When McCauley asked council members if they’d like to discuss the matter further, Skinner said he remained opposed to purchasing the lot from Citizens Bank.
“I disagree with [the idea] that we should move forward with the purchase of a property without having a fully developed plan in place that we would like to realize for this property,” Skinner said. “In addition to some of my concerns last time, I would still like to see a hard copy of the appraisal.”
“Newly, for this council meeting, I think it’s premature for us to move forward on this when we’re in a situation (a state of emergency due to COVID-19) where we have some uncertain times ahead of us financially, potentially,” Skinner said.
Skinner also said he didn’t want to dip into council’s rainy-day fund, or reserved funds.

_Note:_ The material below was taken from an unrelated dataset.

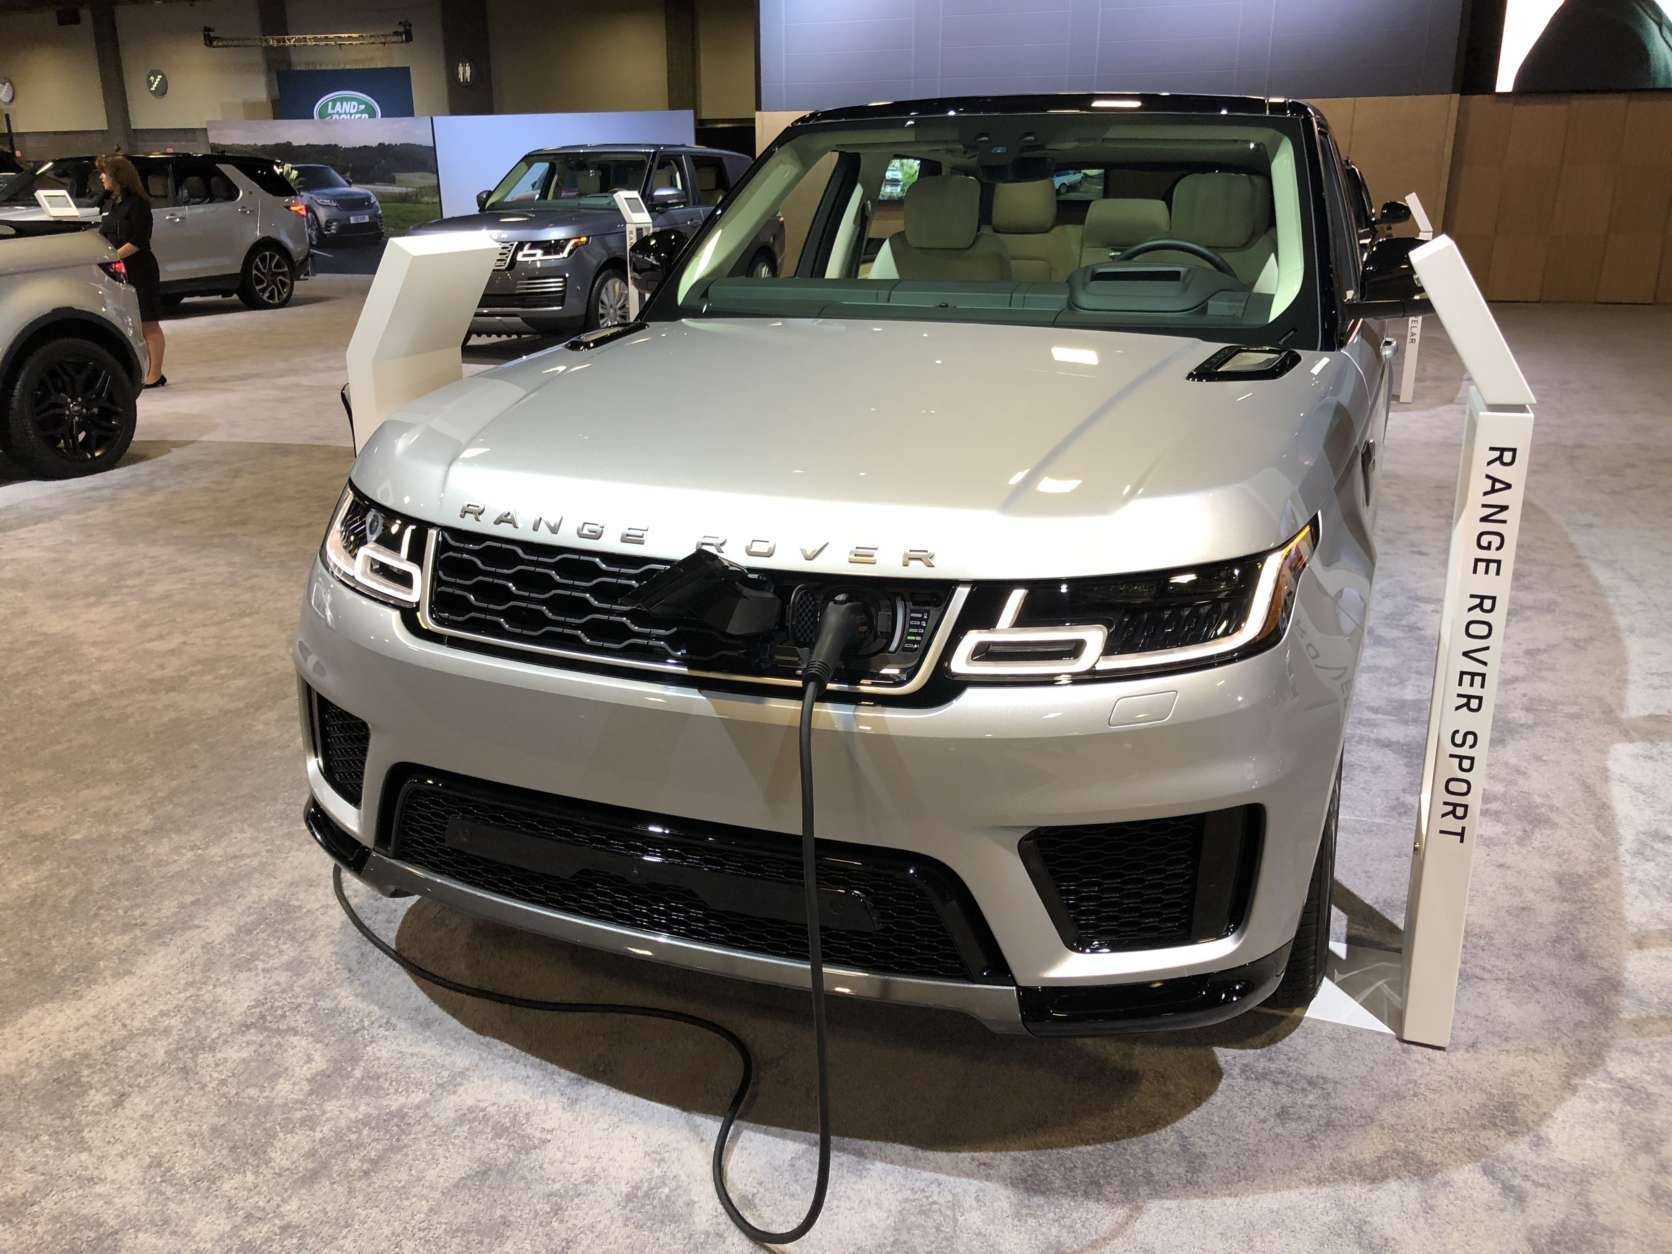 Range Rover Sport Plug-in hybrid (WTOP/Mike Parris)

“I agree with you (McCauley) that if it’s going to happen, it should be financed because rates are low, but I believe we should hold off on this until we know what’s going to happen relative to the health crisis,” he added. “I don’t like that we’re moving so swiftly through this without having a plan in place.”
Councilwoman Pam Bucklew said she’d abstained from voting on the ordinance and other related matters at council’s first meeting in March because, like McCauley, she’s on the board of SYCC.
“Personally, I’d still like to have a town hall meeting on this,” Bucklew said. “It’s not that I don’t want to have the property – I’d like to have the property; I just feel the people should have a voice in it.”
McCauley said he hoped to have public town hall planning sessions after the city buys the property.
Councilman David Thomas agreed with Bucklew, saying he was happy to hear that McCauley was planning on scheduling public planning sessions beginning in July.
“We need to have a town hall meeting,” Thomas said. “Although I have a number of issues, I’m not pleased with about this, I’m going to vote for this because I think it’s important to invest in infrastructure when we have resources to do so.”
“We don’t want to go willy-nilly spending money,” he added, “but at the same time, we’re going to have resources to do some very important infrastructure things that are needed for this community, and I think this is one of those areas that is critically important for us long term.”
Rylands said he sees the purchase as an investment in expanding Buckhannon’s ability to host events, while simultaneously supplying additional parking and greenspace. Council shouldn’t overthink the decision, he said.
“Once you’ve sat by and overthought things and missed a few deals, you begin to refine the process of evaluating [property] acquisitions,” he said. “When certain things come about and you can acquire them, you need to seize that moment and acquire the property, and then we’ll follow it up with a thoughtful process and see how to incorporate it into our bigger plans.”
City recorder Randy Sanders agreed with Rylands.
“As a businessperson, you pass up a deal and you look back, and you regret it,” Sanders said. “I think this is one of those times where we would regret it if we were to pass on it and not have another opportunity to move forward … I think that in 10 years, we’ll look back on this with pride, but more importantly, in 10 years, the citizens will [be proud] of it.”
Sanders said he saw the property as space that could be converted into an incentive to draw more people into the city – such as additional parking or more space to hold special events.
Despite Bucklew’s reservations, she, Sanders, Rylands, Albaugh, Thomas and McCauley voted to approve the purchase agreement ordinance, while Skinner voted against it. At council’s March 5 meeting, Skinner supported a motion to accept Citizens’ Bank’s $100,000 gift to SYCC’s capital campaign.